Work task:
Your copy of the lines below must match them exactly and contain no images.

Recorded data:
# # # # #

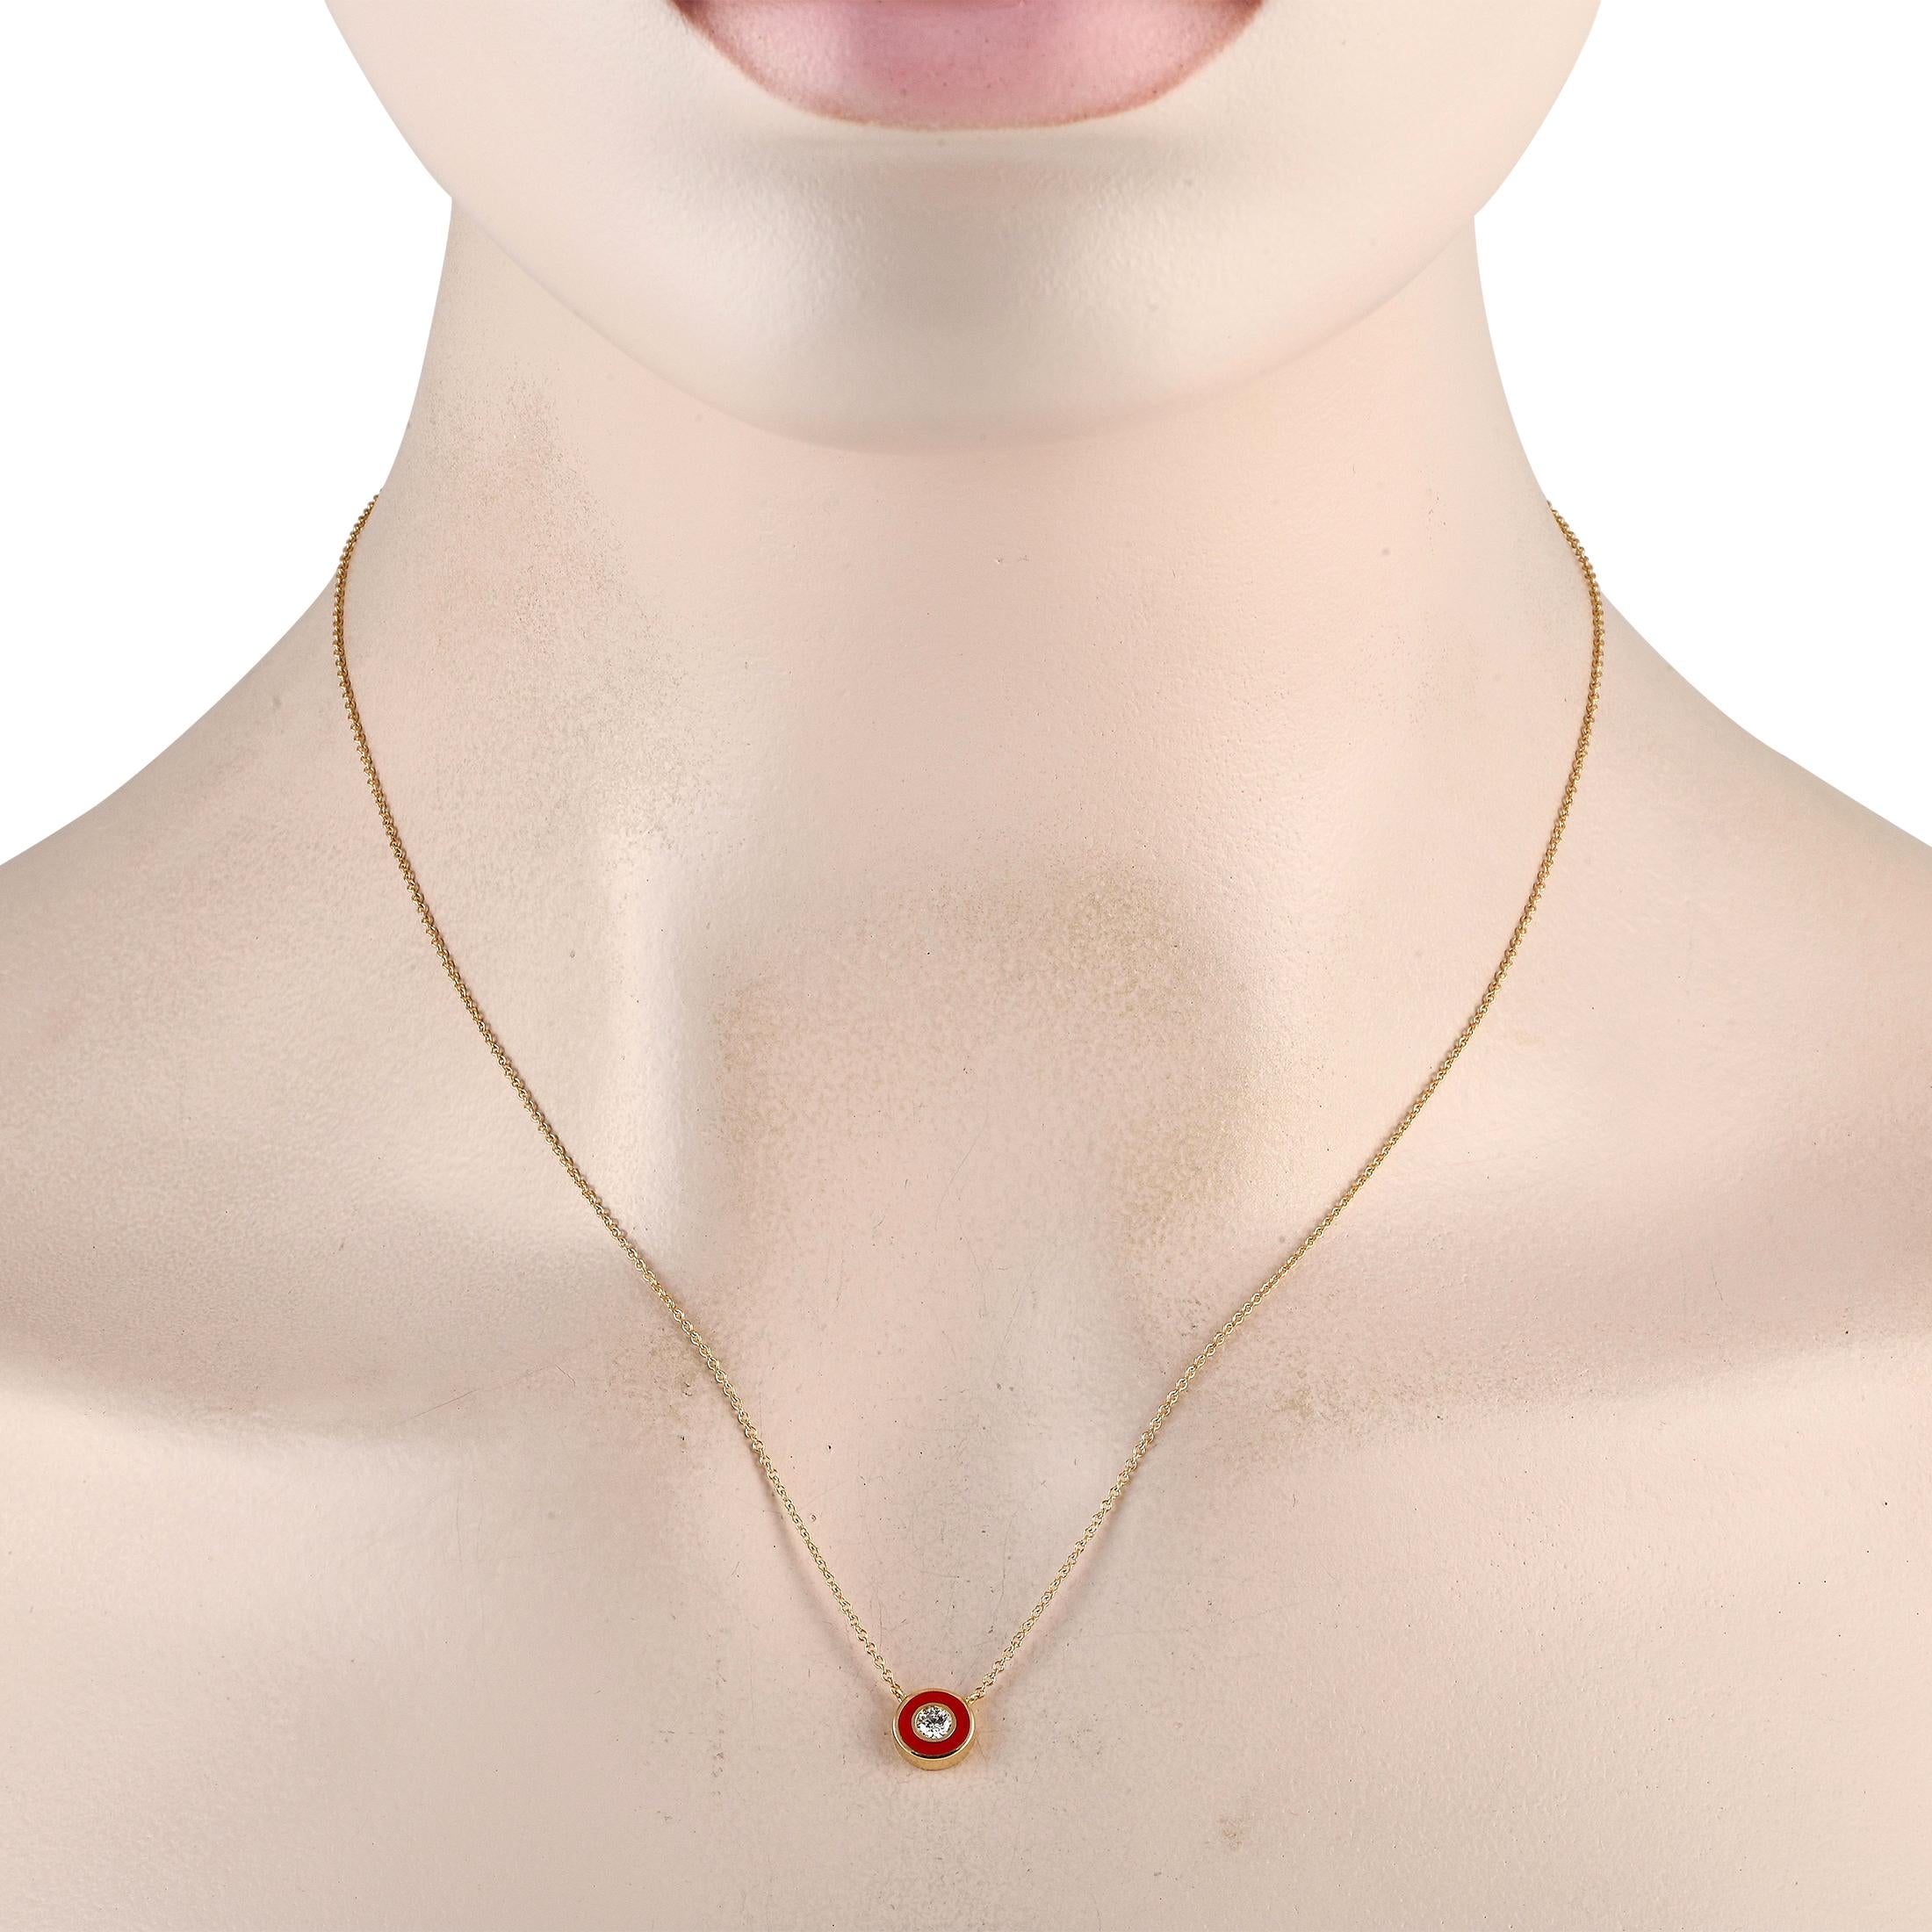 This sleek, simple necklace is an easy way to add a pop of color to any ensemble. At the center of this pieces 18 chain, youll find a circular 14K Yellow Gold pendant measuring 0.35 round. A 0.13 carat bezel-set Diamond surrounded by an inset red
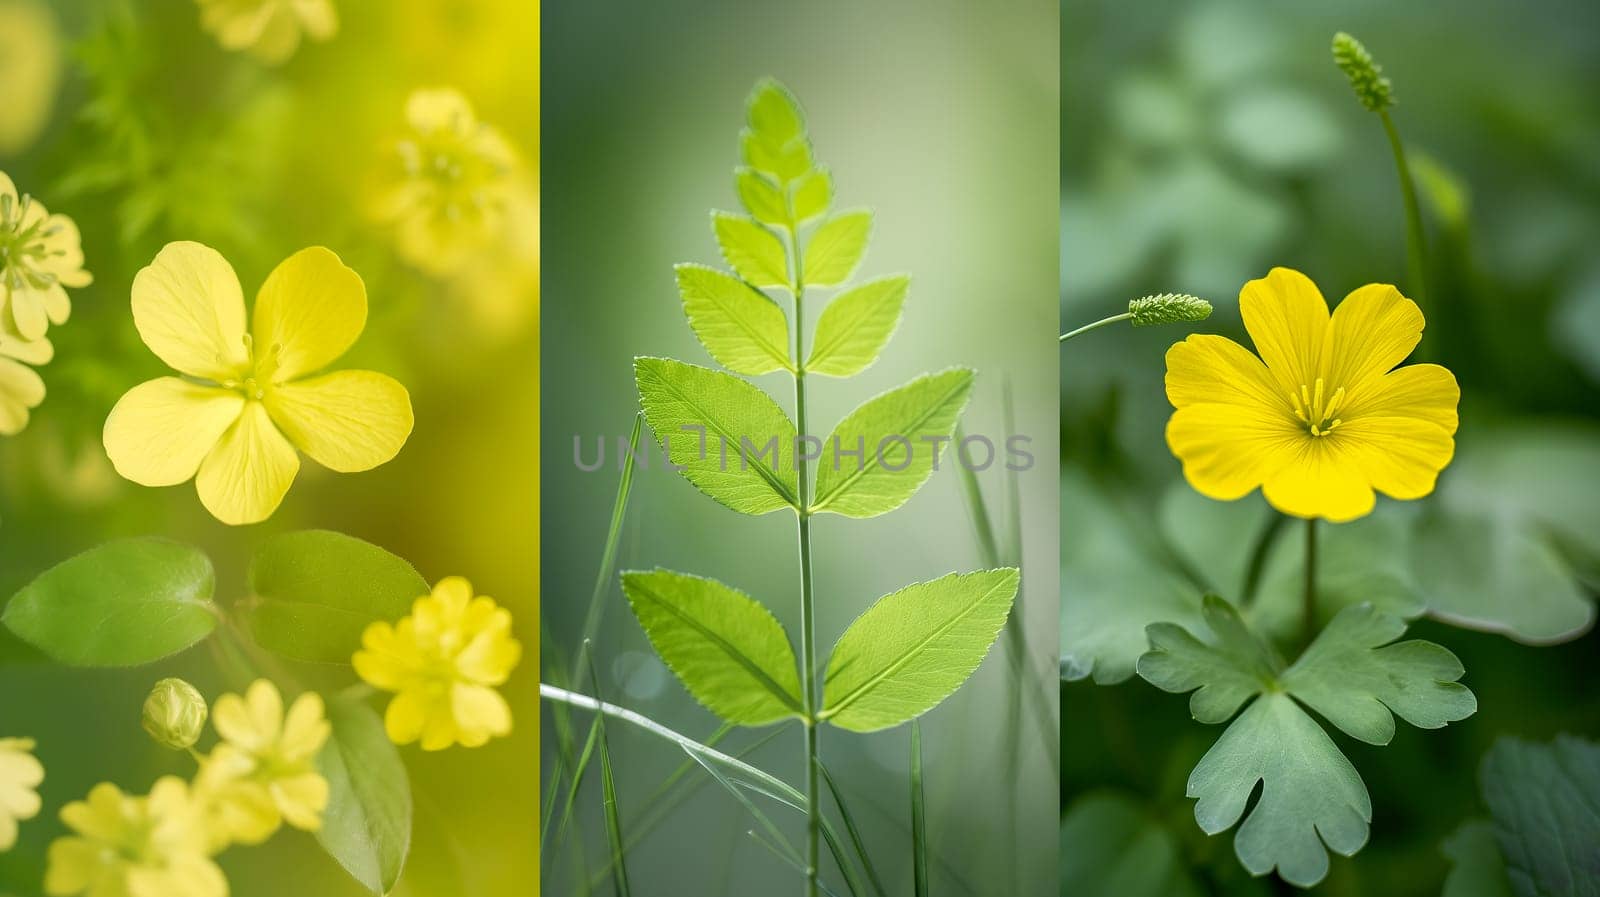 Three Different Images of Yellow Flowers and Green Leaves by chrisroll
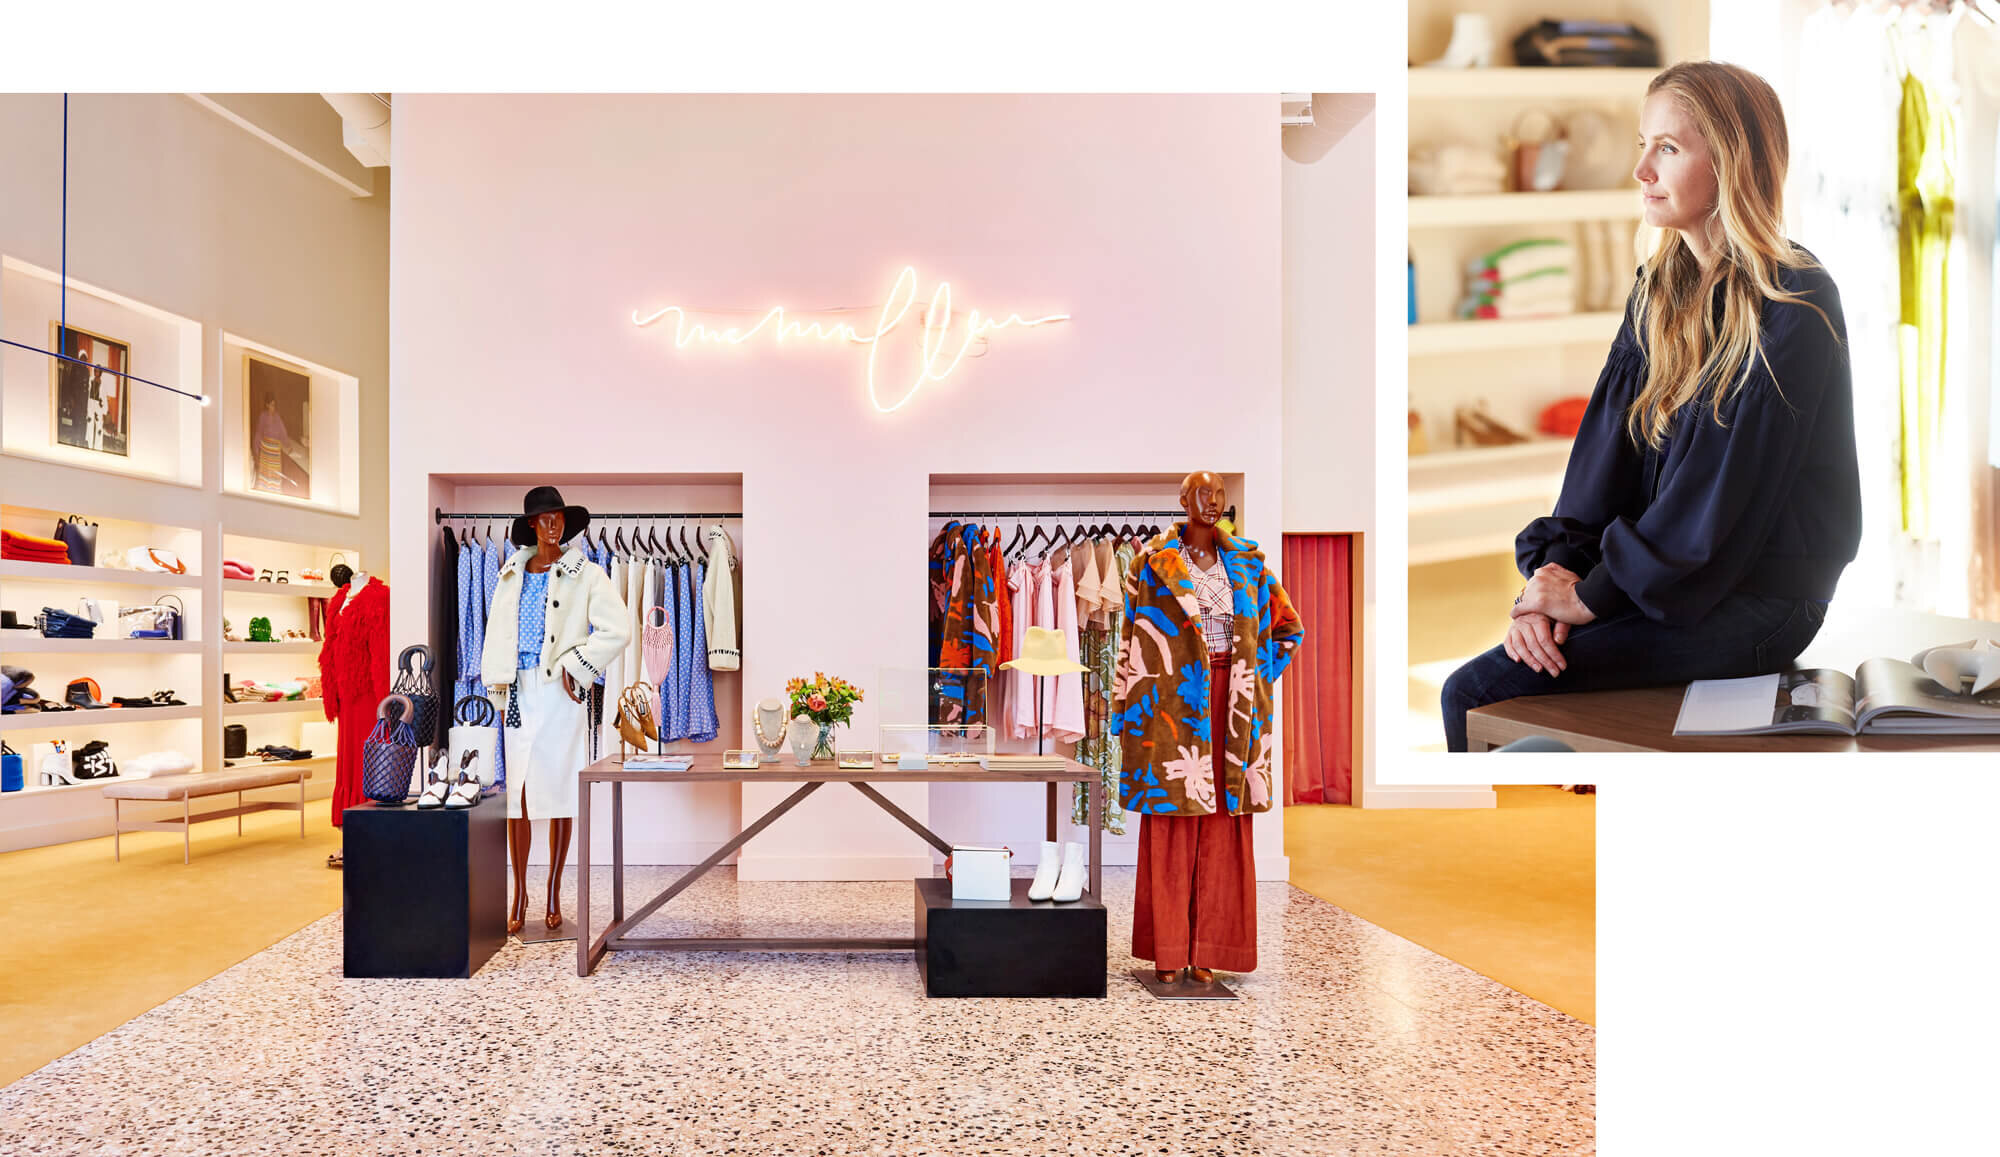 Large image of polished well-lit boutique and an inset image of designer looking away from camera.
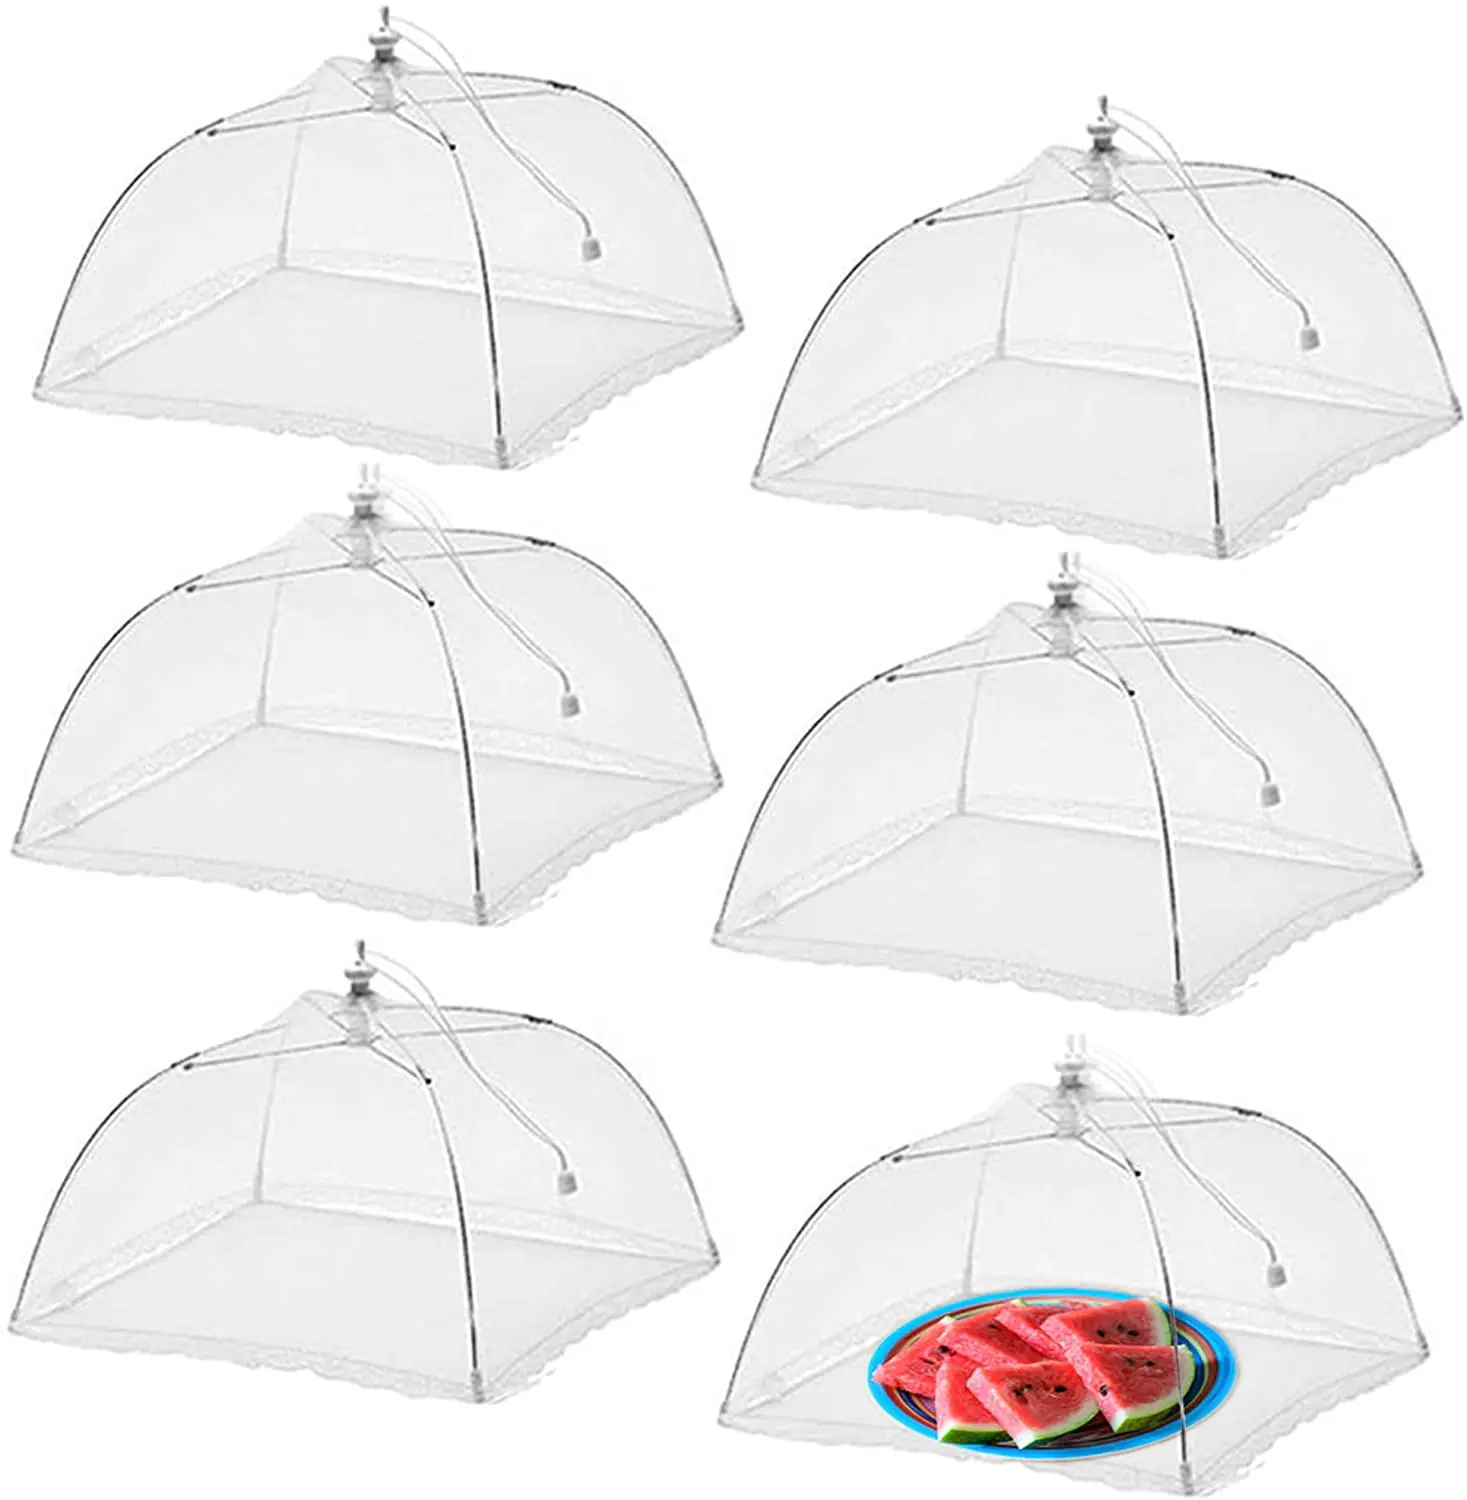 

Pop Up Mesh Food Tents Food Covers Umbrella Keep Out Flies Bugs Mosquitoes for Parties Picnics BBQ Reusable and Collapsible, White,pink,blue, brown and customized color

# # # # #

Answer box:
 This sleek, simple necklace is an easy way to add a pop of color to any ensemble. At the center of this pieces 18 chain, youll find a circular 14K Yellow Gold pendant measuring 0.35 round. A 0.13 carat bezel-set Diamond surrounded by an inset red
 Three Different Images of Yellow Flowers and Green Leaves by chrisroll
 Large image of polished well-lit boutique and an inset image of designer looking away from camera.

Pop Up Mesh Food Tents Food Covers Umbrella Keep Out Flies Bugs Mosquitoes for Parties Picnics BBQ Reusable and Collapsible, White,pink,blue, brown and customized color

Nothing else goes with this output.